We have a good idea of what the plans being fed into Seoul looked like, and we reckon the Hyundai/Kia double act will shake the dual-cab ute market to its core when their respective cars touch down in Australia.
Volkswagen and Ford
This is an interesting one. Volkswagen hovers between being the world’s biggest and second-biggest carmaker, dwarfing Ford in sales and size… but the German giant has signed a deal to use the Blue Oval’s next-generation Ranger as the basis of a new-generation VW Amarok ute.
The Amarok has never really sat comfortably within the VW line-up globally, with its relative success in Australia coming as a surprise to VW HQ. While Volkswagen has a line of commercial products including the Crafter van, the Amarok sits just outside that stable.
Partnering with Ford means that VW won’t have to spend mountains of cash to design a new platform for a ute that can handle all the electronic aids and passive safety gear that Aussie customers – and worldwide safety bodies – have come to expect from dual-cab utes.
As well, Ford is selling the Australian-designed T6 Ranger into the US, so the next generation will most certainly offer a left-hand-drive option, making the process of adding the Amarok to dealerships in the US, Europe and even China a whole lot easier.
Holden and Isuzu
The two companies collaborated in the late 1990s and early 2000s on what became known as the Holden Rodeo here in Australia. The two companies worked together until 2008, when Isuzu created its own company locally to sell the ute as the Isuzu D-Max.
Holden rebranded its ute the Colorado, and while the two companies no longer work together, the current Colorado still shares a lot of its DNA with the D-Max, though it’s been substantially redeveloped since then.

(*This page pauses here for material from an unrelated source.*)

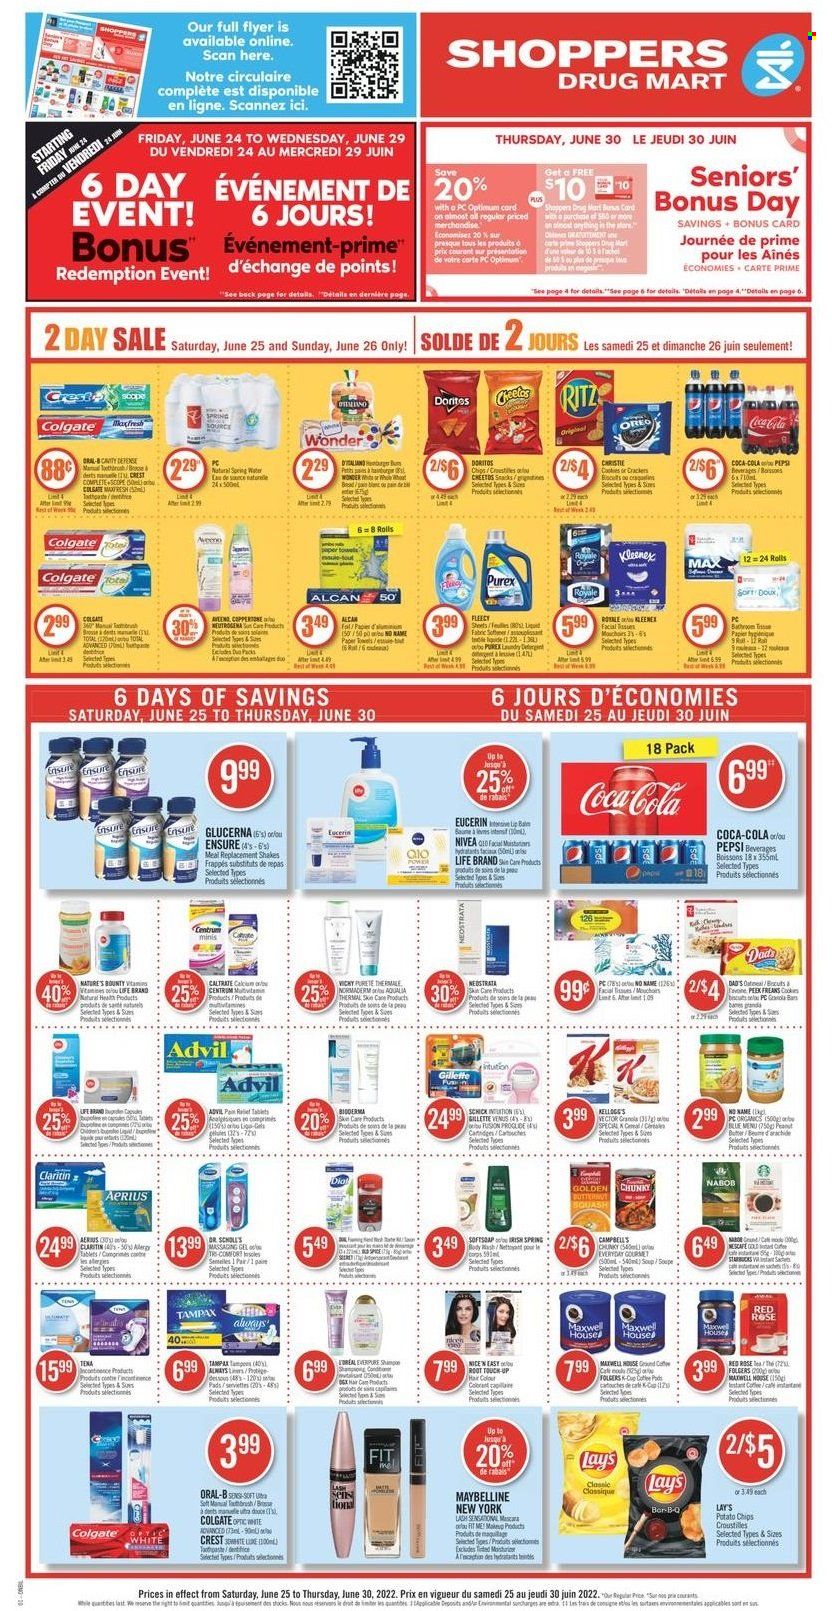 Shoppers Drug Mart Flyer - June 25, 2022 - June 30, 2022 - Sales products - No Name, Campbell's, soup, shakes, snack, crackers, Kellogg's, biscuit, RITZ, Doritos, potato chips, Cheetos, chips, Lay's, oatmeal, granola bar, spice, peanut butter, Coca-Cola, Pepsi, Maxwell House, instant coffee, Folgers, coffee capsules, Starbucks, K-Cups, Nivea, Kleenex, tissues, kitchen towels, paper towels, laundry detergent, Purex, body wash, Vichy, toothpaste, Crest, tampons, facial tissues, Gillette, L’Oréal, hair color, Schick, Venus, makeup, mascara, Maybelline, Optimum, Pain Relief, Nature's Bounty, glucerna, Advil Rapid, Centrum, Dr. Scholl's, calcium, detergent, Colgate, Eucerin, granola, Neutrogena, Tampax, Oreo, Nescafé. Page 1.
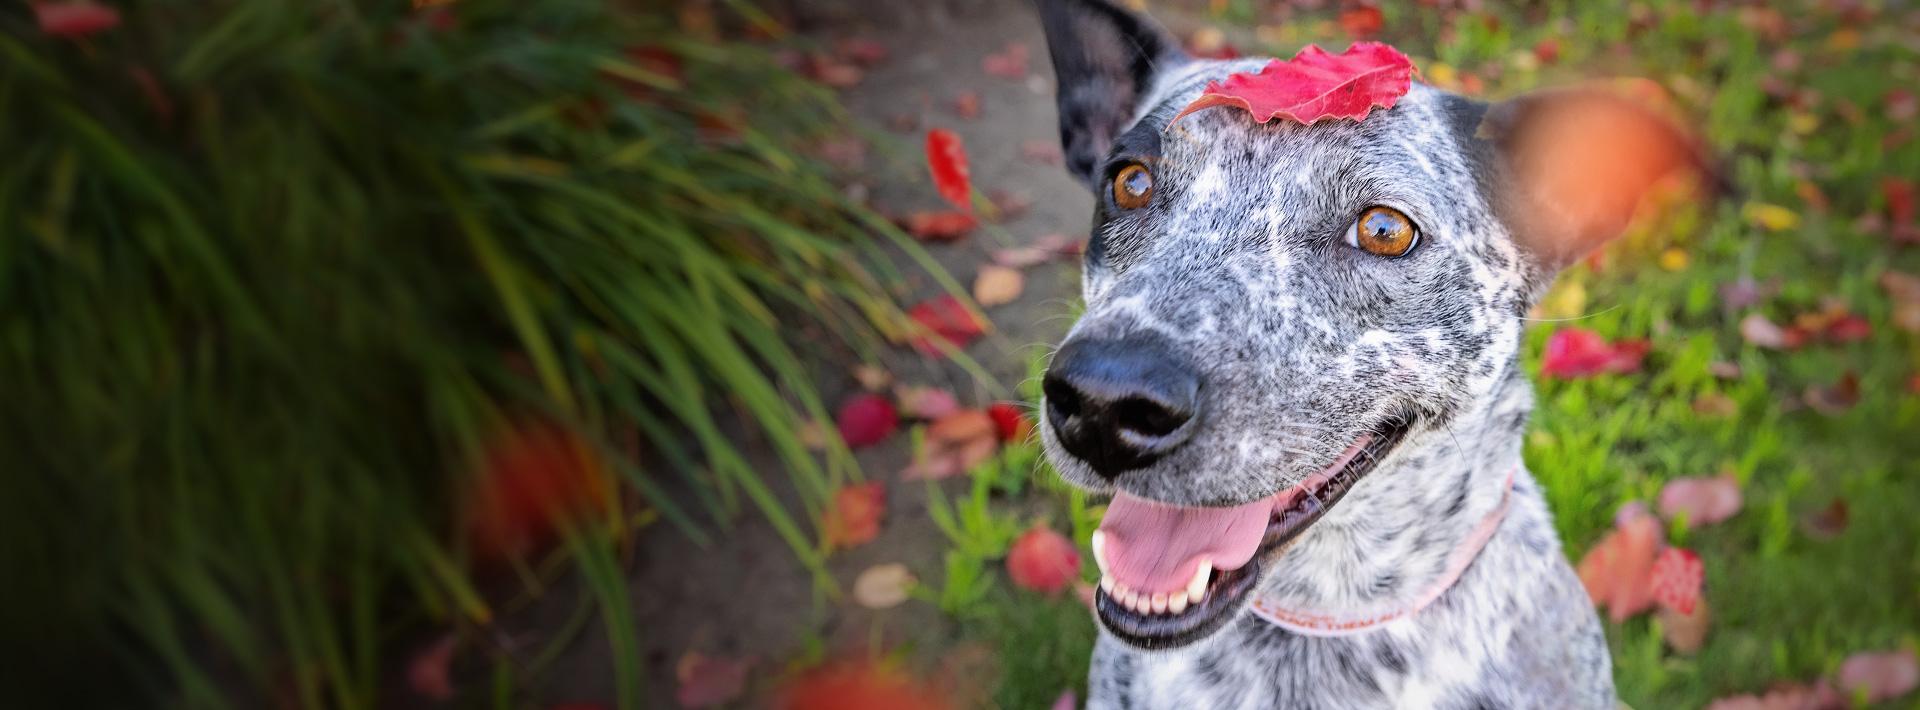 Smiling black and white heeler type dog with red leaf on top of head

Unfortunately, the local development work done on the Colorado all came to naught, after GM pulled the pin on the Holden brand in Australia.
The Colorado itself also passed into history at least in right-hand-drive form, after GM sold off the Thai factory where it was made and ceased sales into Thailand and Asia, where it was branded as a Chevrolet (below).
With bespoke sheet metal on the outside, individual bundles of technology and, of course, unique badging, you may not ever know just how much one ute model has in common with another.
The important thing is that continued manufacturer collaborations will safeguard the flow of new utes and lots of choice for our insatiable one-tonne market.